The prevalence of obesity varies according to key individual characteristics such as age, sex, race and ethnicity, and SES. The prevalence of obesity increases cross-sectionally across the lifespan: from 13.9%, in early childhood (2-5 years old) to 18.4% in childhood (6-11 years old), 20.6% in adolescence (12-19 years old), 35.7%, in young adulthood (20-39 years old), 42.8% in adulthood (40-59 years old), and 41.0% in older adulthood (≥60 years old) (4). As of 2016, the prevalence of adult obesity in women in the United States was 41.1% and in men was 37.9% (4). In the decade between 2007-2008 and 2015-2016, obesity significantly increased only in women (4), suggesting a sex-specific vulnerability to expression of this disease. Additionally, when race and ethnicity are considered, significant interactions between race and sex emerge. Non-Hispanic black, non-Hispanic Asian, and Hispanic women all have significantly higher prevalence of obesity than men with the same racial ethnic identity (5). In men and women, non-Hispanic Asians have significantly lower prevalence of obesity compared to all other major races and ethnicities in the United States (Note: not adjusted for ethnic specific cut points for Asians), and Non-Hispanic blacks and Hispanics have significantly higher prevalence of obesity compared to Non-Hispanic whites (5). It is not fully clear why differences in obesity prevalence by race and ethnicity are present, but some evidence points to differences in genetic backgrounds that affect body composition and fat distribution (6, 7), and to differences in cultural body image standards (8). Additionally, in the United States, race and ethnicity are confounded with SES, which is one of the most potent indicators of overall health in the United States (9).

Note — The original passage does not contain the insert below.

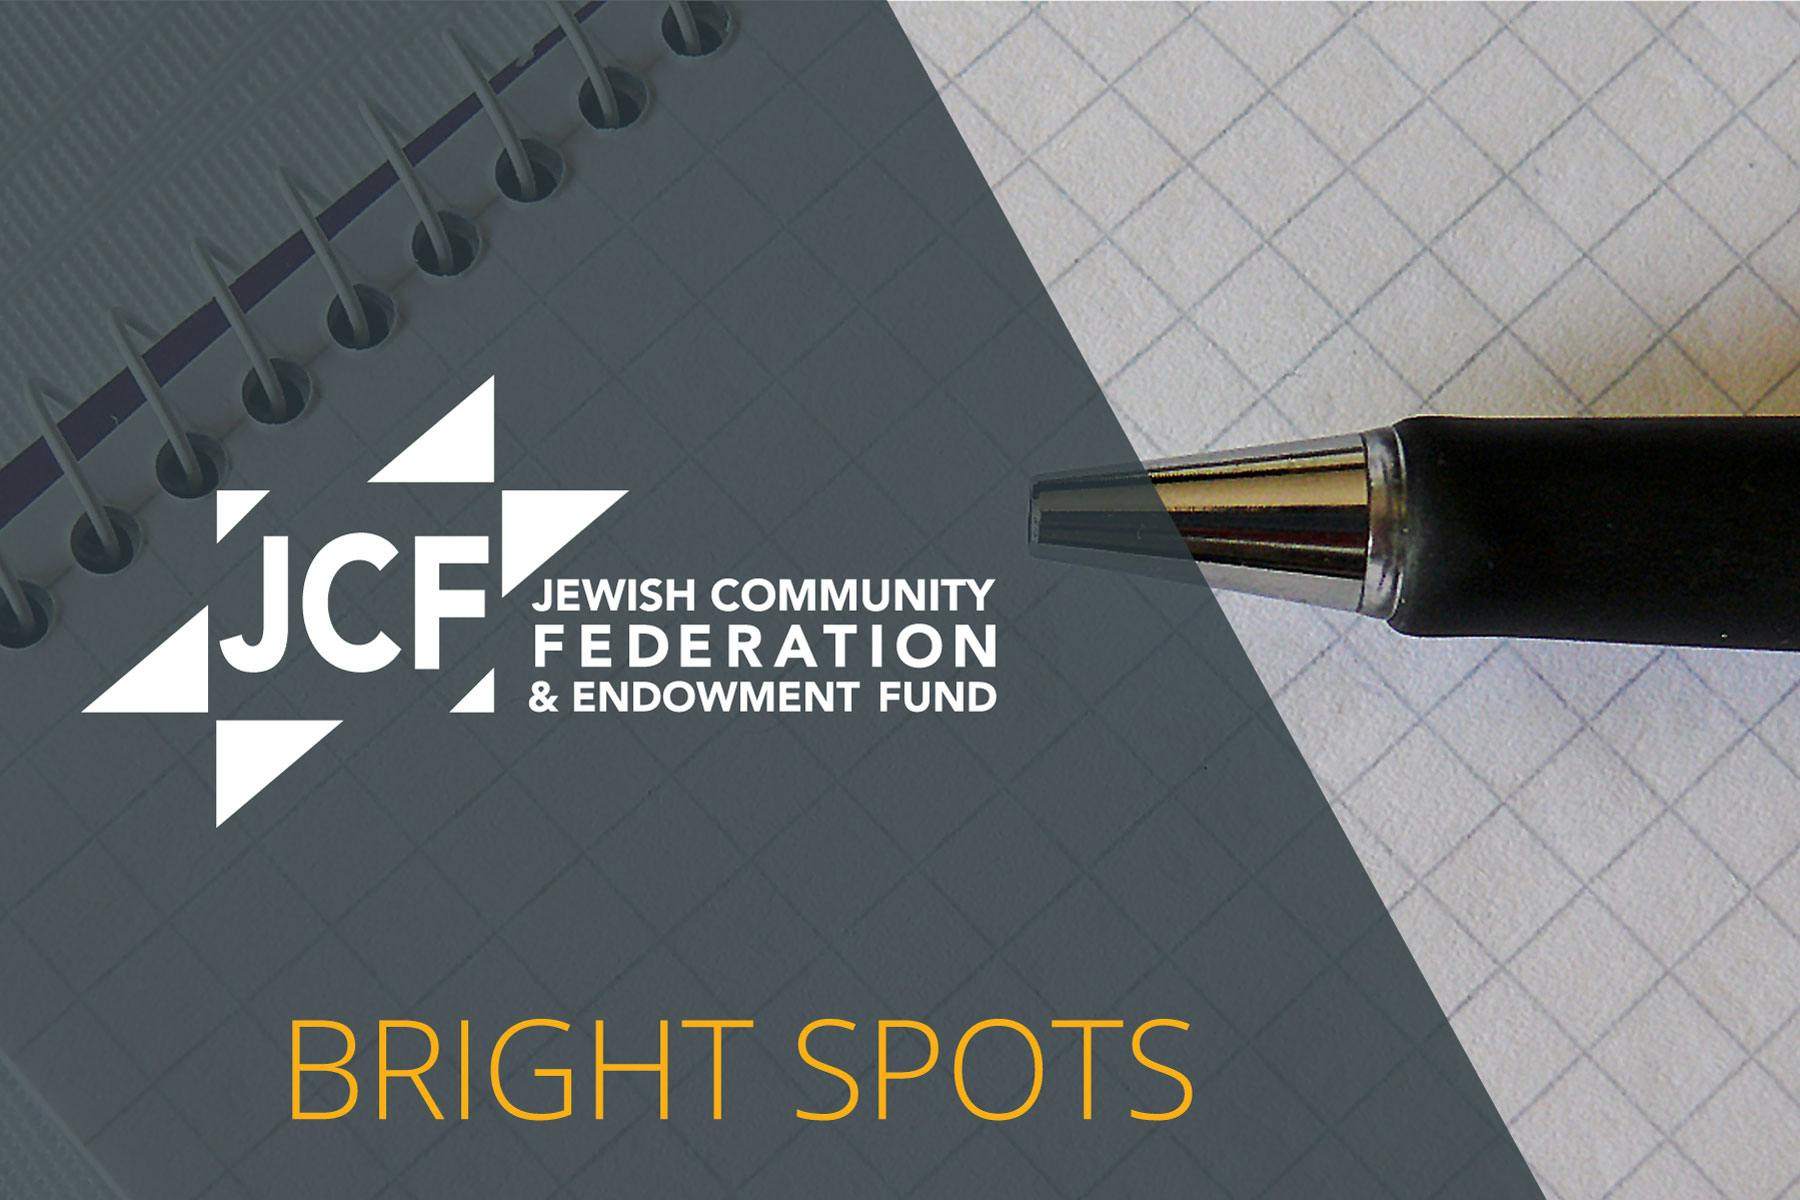 Bright Spots: Jewish Community Federation & Endowment Fund

A significantly greater proportion of underrepresented racial ethnic minorities are considered low SES compared to non-Hispanic Asians and non-Hispanic whites in the United States. Socioeconomic status is a composite measure that can be represented by measures of income, educational attainment, or occupational status. In the 2017 Census, 21.2% of non-Hispanic blacks and 18.3% of Hispanics lived below the poverty level compared to 8.7% of non-Hispanic whites and 10% of non-Hispanic Asians (10). Non-Hispanic Asians (53.9%) and non-Hispanic whites (36.2%) are more likely to earn a bachelor’s degree than non-Hispanic blacks (22.5%) and Hispanics (15.5%) (11). In terms of health, low SES in childhood is associated with adult development of cardiovascular risk factors and a 20% increase in the odds of having central obesity (as defined by a waist circumference >102 cm for men or > 88 cm for women) (12). In adult women, obesity prevalence increases with decreasing income and educational attainment; however, in non-Hispanic black women, obesity prevalence differs by education gradients but not by income gradients (13). Conversely, non-Hispanic black men have a higher prevalence of obesity in the highest income group, but all the men’s racial ethnic groups showed similar relationships between obesity rates and education gradients as women (13). Higher SES is also associated with healthy lifestyle behaviors that are often the first line of prevention or treatment for obesity. On the other hand, low SES is associated with less leisure time physical activity (14) and consumption of energy-dense diets that are nutrient poor (15); however, SES is not the only factor that influences these behaviors. Further exploration of how SES affects resources and the ability to practice healthy behaviors is expounded upon in the next section.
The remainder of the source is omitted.